Venous thromboembolism includes deep vein thrombosis and pulmonary embolism and is a serious medical condition that requires anticoagulation as part of treatment. Currently, standard therapy consists of parenteral anticoagulation followed by a vitamin K antagonist (VKA). The pharmacokinetic and pharmacodynamic profiles of the direct oral anticoagulants (DOACs) differ from VKAs, which overcome some of the limitations of VKAs and have practical implications on their use in clinical situations. Dabigatran is a prodrug that undergoes primarily renal elimination and does not affect cytochrome P450 enzymes. Assays to quantify the degree of anticoagulation and the therapeutic level of DOAC are either unavailable for routine clinical use or require specific calibration. Routine monitoring of DOACs is not recommended at this time. Dabigatran, rivaroxaban, and apixaban are DOACs that have been studied for treatment of venous thromboembolism. Clinical trials comparing DOACs with standard therapy have shown them to be non-inferior for acute and extended therapy. Each DOAC has a unique benefit and harm profile that should be considered prior to use. The distinguishing characteristics of dabigatran include a requirement of parenteral anticoagulation prior to acute treatment, clinical trial results comparing it with a VKA for extended treatment, association with upper gastrointestinal adverse events, and increased risk of gastrointestinal bleed.

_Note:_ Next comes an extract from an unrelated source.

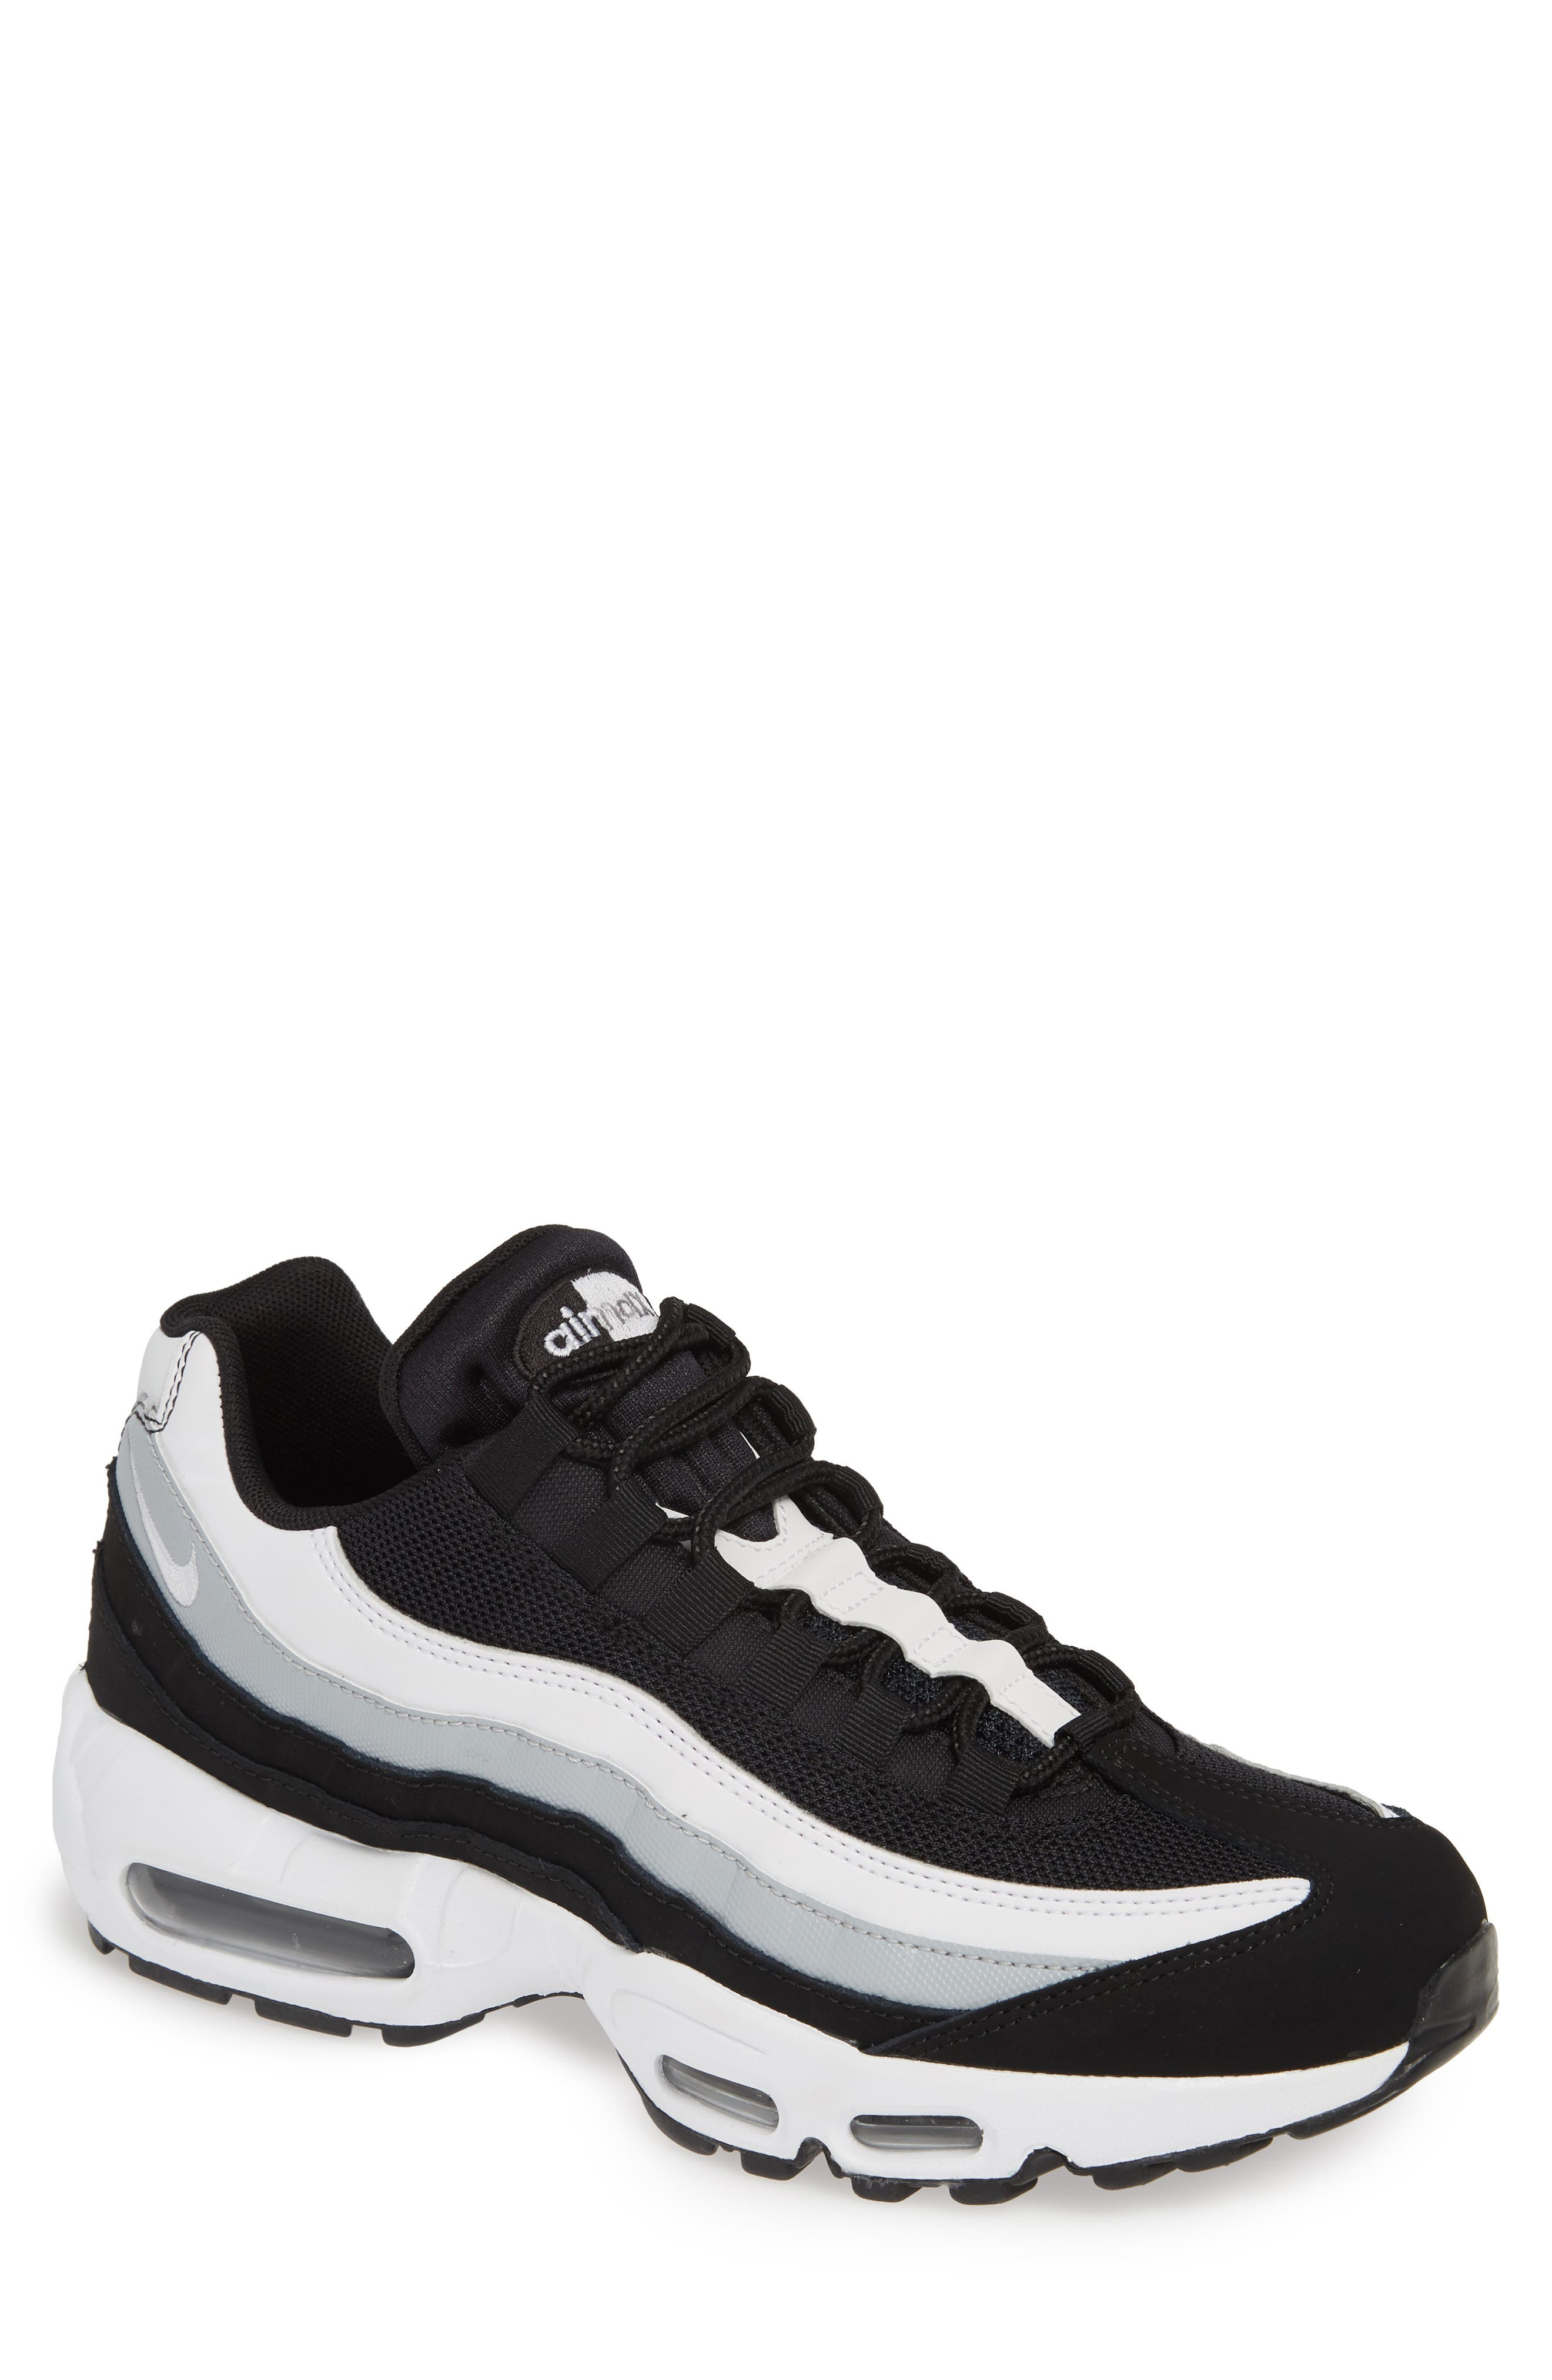 Nike Air Max Shoes  5179c5479

Rivaroxaban is the only DOAC that has once-daily dosing while apixaban is the only DOAC that has lower risk of overall, major, and gastrointestinal bleeding compared with VKA. A common drawback of DOACs is the lack of an available reversal agent. Clinical trials of reversal agents are ongoing and one application for approval has been submitted to the US Food and Drug Administration. Selection of a DOAC for acute and extended therapy requires a shared decision-making approach that includes a comprehensive assessment of the benefits and harms of each individual DOAC.